Back home, after a weekend of writing, planting onions, leeks, potatoes, and more greens in the garden, and transplanting tomato and basil seedlings to 4-inch pots inside, I finally got a chance yesterday to do this recipe, a variation on one in Fast, Fresh & Green.

I am convinced that most folks shy away from cooking baby artichokes because they are daunted by prepping them. Really and truly, I promise you that the trimming couldn’t be easier, and that you can do one batch in less than 15 minutes, maybe 10. I did take some quick pictures (in recipe below) to try and illustrate the process for you, but for a better visual, you can also visit the Ocean Mist Farms website (the folks who package up the babies, which are most available in the month of May) to watch a video. Don’t let prepping stop you from cooking and eating baby artichokes—they’re fabulously delicious, and you get more bang for your buck out of them than with bigger artichokes.

By the way, baby artichokes are just immature artichokes picked lower down the stem before they get big. Because their chokes haven’t developed, the whole thing (except for a few tough outer leaves you strip off) is edible.

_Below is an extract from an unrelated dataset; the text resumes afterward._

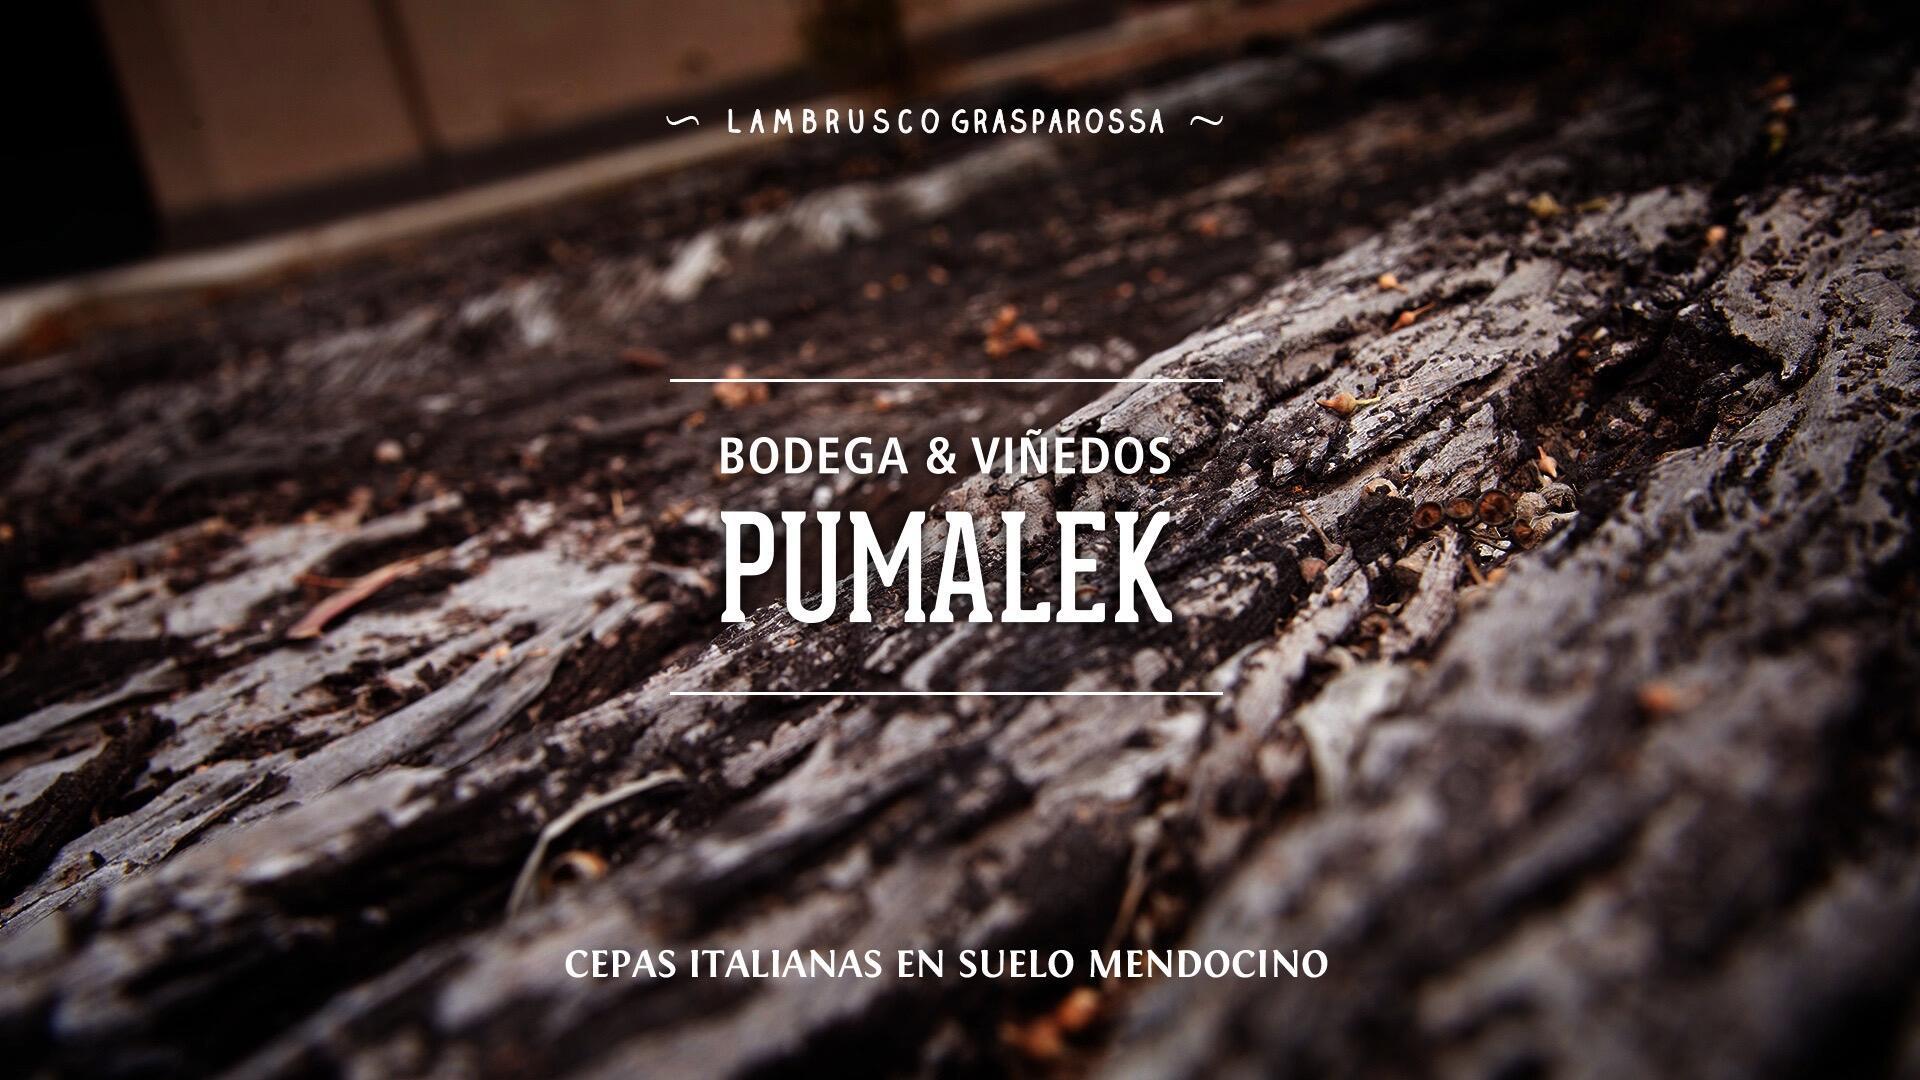 Pumalek Cover Image

Brown-Braised Baby Artichokes with Lemon Herb Pan Sauce

chokescooked.jpgServe these over creamy polenta or a small serving of fresh fettucine for a lovely veggie supper. For a variation, cook a little bacon, ham or pancetta in the pan before cooking the artichokes; remove and crumble on at the end. Toasted almonds or hazelnuts would be good with these too, and you could substitute a squeeze of orange instead of lemon at the end if you liked. Baby artichokes vary in size—I have seen the same size box packed with 9 artichokes sometimes, 12 another. This recipe will work for 9 medium-small baby artichokes (2 to 2 1/2 oz. each). If your artichokes are very small, you can use 10 or 11 of them, as long as they fit in one layer across the bottom of the pan with the shallots. Be generous with the fresh herbs here.

1 1/2 lemons
9 or 10 baby artichokes
1 1/2 tablespoons unsalted butter
1 tablespoon extra-virgin olive oil
4 small shallots, halved and peeled (or 2 medium or large, quartered)
Kosher salt
1 cup low-sodium chicken broth
1 to 2 tablespoons mixed fresh tender spring herbs such as chives, parsley, mint, tarragon and/or chervil

Cut the whole lemon in half. Squeeze and drop the two halves into a medium bowl filled half-way with water. Cut the stems off the artichokes at the base. Working with one artichoke at a time, peel away all of the outer leaves until you are left with a mostly lemon-limey colored artichoke (it will be somewhat cone-shaped) with the top third still being a light green. With a sharp knife, cut about 3/4 inch off of the top, and, with a paring knife, clean up the stem end just a bit (don’t remove too much; that’s the tasty heart). Cut the artichoke in half lengthwise. Rub the cut sides of each piece with the other lemon half and drop the artichoke halves into the lemon water.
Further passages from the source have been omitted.